A recompensa ou gratificação que um alimento nos dá depende da sua composição e memórias associativas que criámos em experiências passadas. Existem três nutrientes que satisfazem mais essa fome hedónica e promovem maior resposta dos centros de recompensa, o nosso sistema mesolímbico que já apresentarei em maior detalhe. São eles o açúcar, sabor doce, e hidratos de carbono de rápida assimilação, a gordura saturada, e o sal. Individualmente não nos parecem tão interessantes assim, nem dariam uma “boa” cheat-meal. Pouca gente acha graça a comer açúcar à colher, ou banha. Sal muito menos. Mas combinem-nos e temos alimentos altamente palatáveis. Uma pizza, bolos, bolachas, batatas-fritas, e quase tudo do melhor que possam imaginar. Não é de peixe com batatas ou frango com arroz que se fazem cheat-meals. Não só porque encaixam nos tais alimentos “bons”, mas também porque não despertam o mesmo prazer e vontade para a larga maioria das pessoas.


O sistema límbico é central na motivação de comportamentos associados à obtenção de uma recompensa e dimensão do incentivo. Em particular duas estruturas que o integram, a área tegmental ventral (VTA) e o nucleo accumbens (NAc). O que chamamos de sistema mesolímbico. O NAc é importante para comportamentos direccionados a um objectivo, na aprendizagem instrumental, e na flexibilidade comportamental. Portanto, na associação entre uma acção e um reforço. Temos como exemplo a experiência clássica de Pavlov. O cão a salivar quando a campainha toca depois de ter sido condicionado pelo alimento. Tantas vezes recebeu o reforço quando a campainha tocava, o alimento, que passou a bastar ela tocar para antecipar a resposta e salivar. Antes sequer de ver o alimento. O NAc traduz então a motivação numa acção motora através de uma outra estrutura, o pallidum ventral, que enerva o tronco encefálico e medula. As áreas executivas que vão iniciar a resposta, como salivar por exemplo no caso do cão de Pavlov.
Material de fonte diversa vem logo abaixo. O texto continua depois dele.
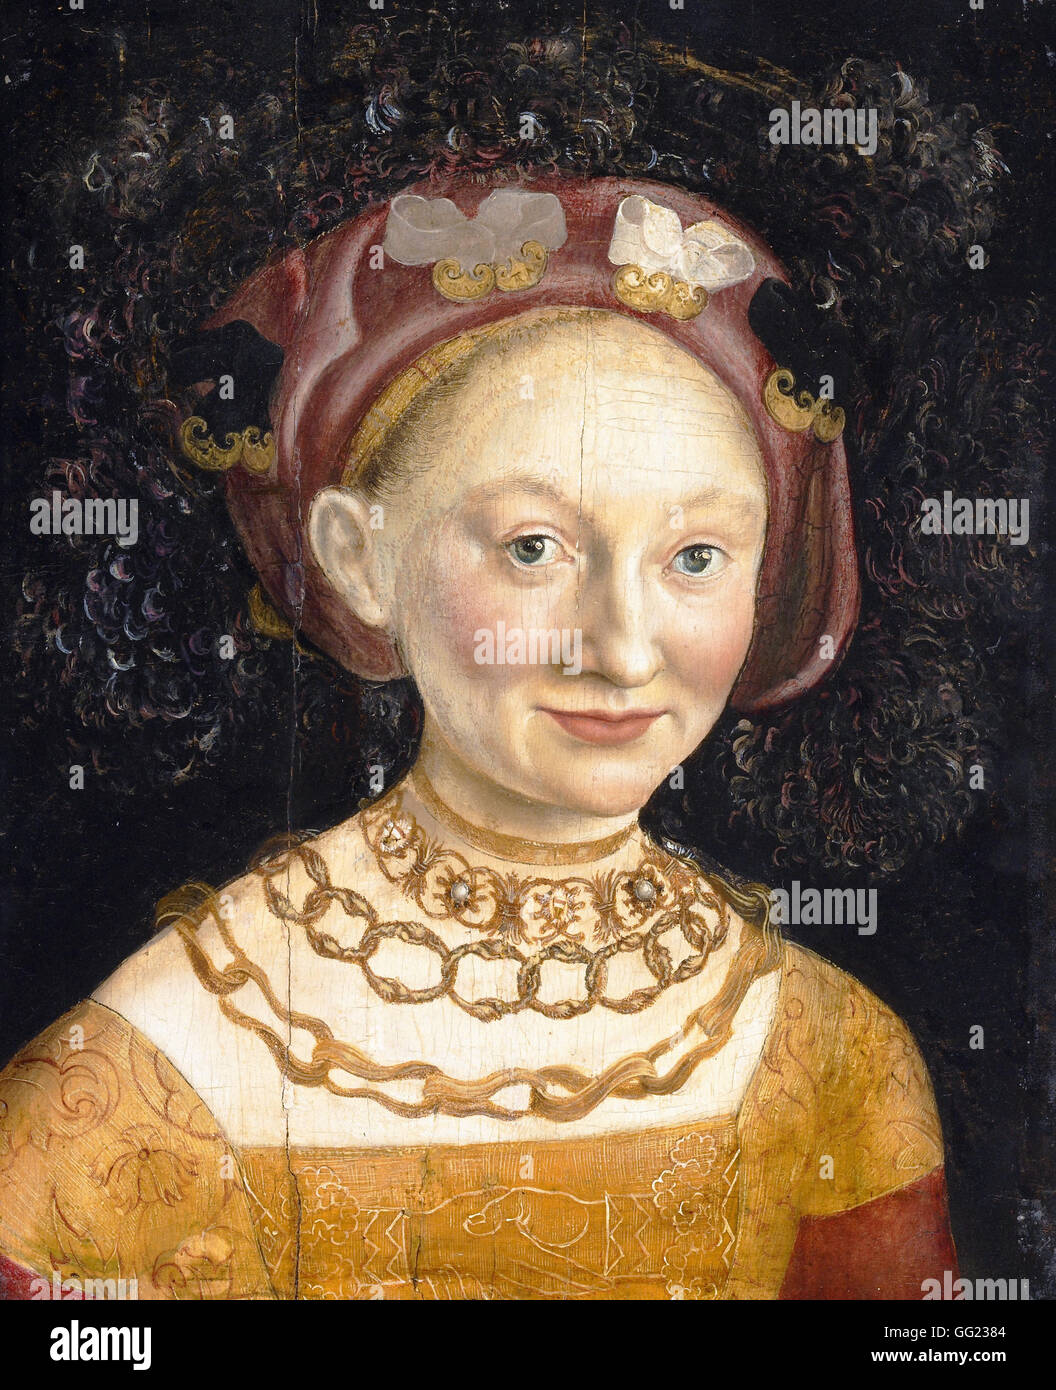 Hans Krell - ritratto della Principessa Emilia di Sassonia Foto Stock

O neurotransmissor mais importante nos comportamentos de incentivo é a dopamina, que o vai motivar e manter. Neurónios dopaminérgicos enervam o NAc a partir da VTA e determinam o nível de desejo por uma recompensa. Quanto mais dopamina, mais queremos e mais motivados estamos para a obter. Mas o sistema mesolímbico não determina o valor de reforço e prazer associado. Isso depende do estado interno e memórias associativas, “boas” ou “más”. Apenas sinaliza o quanto queremos. Porque “querer” e o “gostar” são componentes distintas da recompensa. Eu posso querer e não gostar ou saber que me faz mal, ou não saber ainda se gosto ou não. Numa experiência clássica, a dopamina não aumenta apenas quando o ratinho come o torrão de açúcar. Aumenta sim ao pressionar a alavanca que o dispensa, na expectativa da recompensa a que ele está condicionado. E esse aumento da dopamina prevê a quantidade ingerida de um alimento com elevado poder de reforço. Quanto maior, mais estamos motivados a ingerir.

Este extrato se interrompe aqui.